The Emerging Irish Artist Residency Award is an annual award offered by the Burren College of Art in conjunction with artist-led gallery G126 in Galway. Each year four emerging Irish artists are selected from an open submission and given the opportunity for a focused period of producing work during a one-month residency at BCA. This group of artists then work collaboratively with G126 to produce a large-scale show that takes place in both galleries at a later date. EIARA started in 2014 during the Burren College of Art’s 20-year celebrations and was conceived as a way of discovering and supporting emerging talent in Ireland’s contemporary art scene.
Interplay features a display of each artist’s explorations and pursuits of the multidimensional facets around their direct environment. Through the extraction of hidden qualities and processes in physical responses, these actions result in the creation of a collective visual dialogue and language.
The Burren landscape has often been described as lunar, and this is prescient. A glimpse skyward at twilight will reveal an aerial satellite making its steady journey across the night sky, or the light of a radio mast flickering in the distance. This is a reminder that the Burren sits in another less tangible landscape, one whose topology and cartography can be both literally and metaphorically hidden. This is the landscape of the global digital age, the Infosphere of unseen signals and grids and coordinates. The proliferation of the internet and globalisation has profoundly altered how we perceive and experience our natural environment. As our material environment constantly shifts and changes, so does our perception of it.

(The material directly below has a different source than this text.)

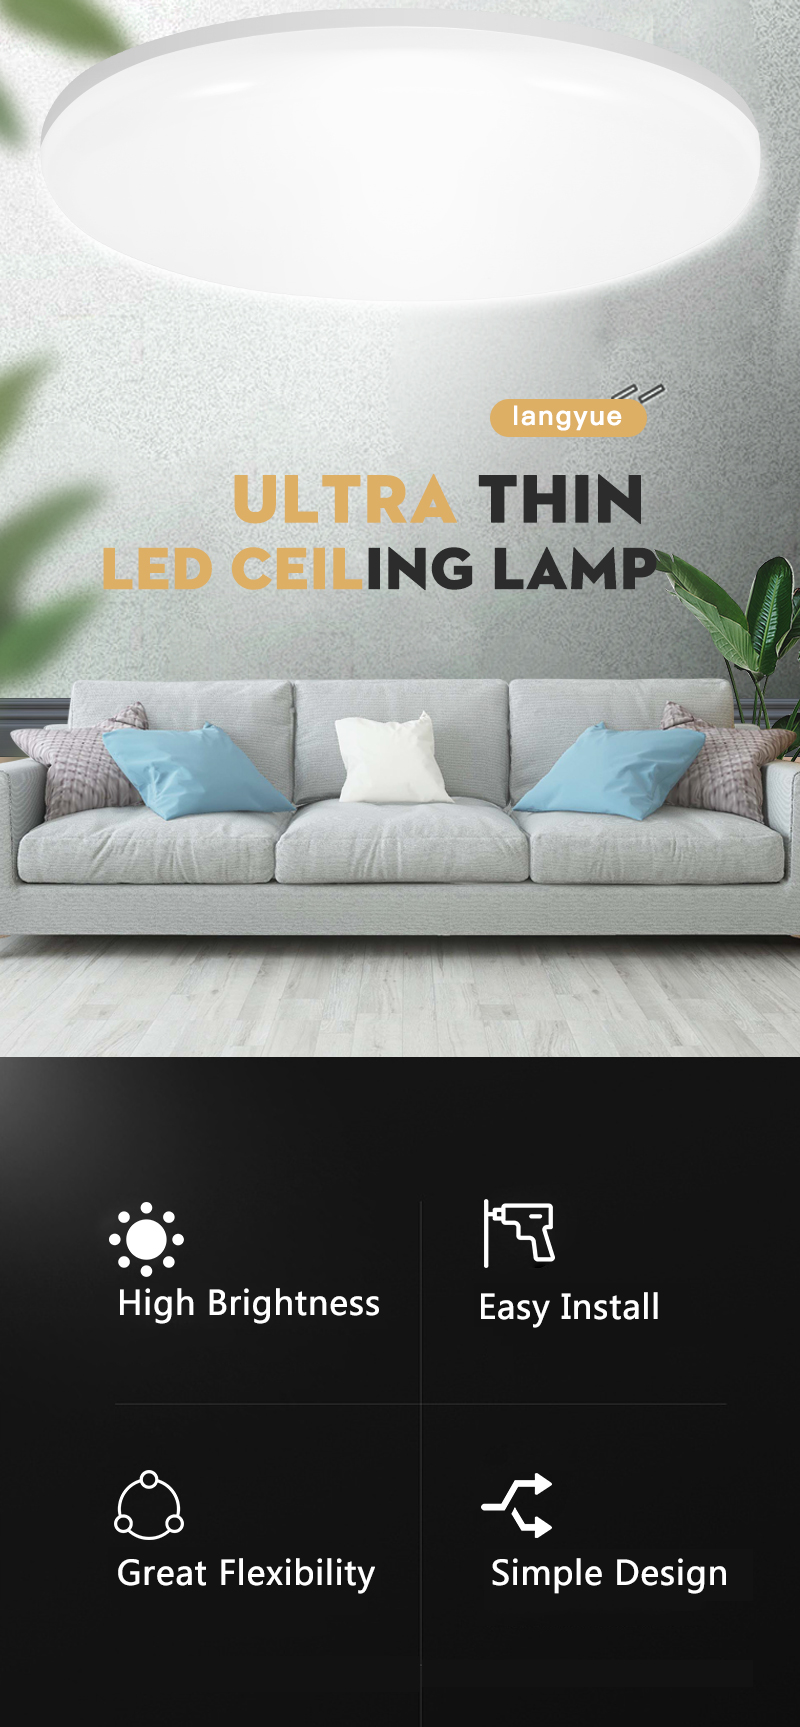 H9376b63eeb1d462b95f7be46ce0fa06b6 LED Ceiling Light 220V 12W 18W 20W 50W Modern Ceiling Lamp Lights 110V Surface Mount Lighting Fixture For Living Room Bathroom

The work here is an attempt to find a visual language for this duality between our necessarily abstracted experience of place and being in the new digital landscape, and our perception of place and being in relation to the more tangible primeval geological past. It is an attempt to use the visual lexicon of the past to articulate and chronicle our experience of the transient, often invisible now. This interplay of past and present place and time exists in the intermingling organic and inorganic forms on the canvas, in the physical act of making the work and in the perceived embodied experience of what is made. The processes used in the studio echo the naturally occurring processes of concealment and revelation in the physical act of erosion in the natural environment. Limestone marls are collected from places within the Burren landscape and then applied in layers. The act of construction in the layering and the deconstruction of sanding and dissolving, and the transformational potential of the material enables the observed materiality of the landscape to be embodied in the tactile surface of the piece. At the same time, the use of the reflective qualities of enamel on textured coloured surfaces allows forms to appear and disappear, their visual reality in time-shifting and impermanent. The inorganic materiality of the enamel and its translucence allows it to be part of the whole, but with a different separate narrative.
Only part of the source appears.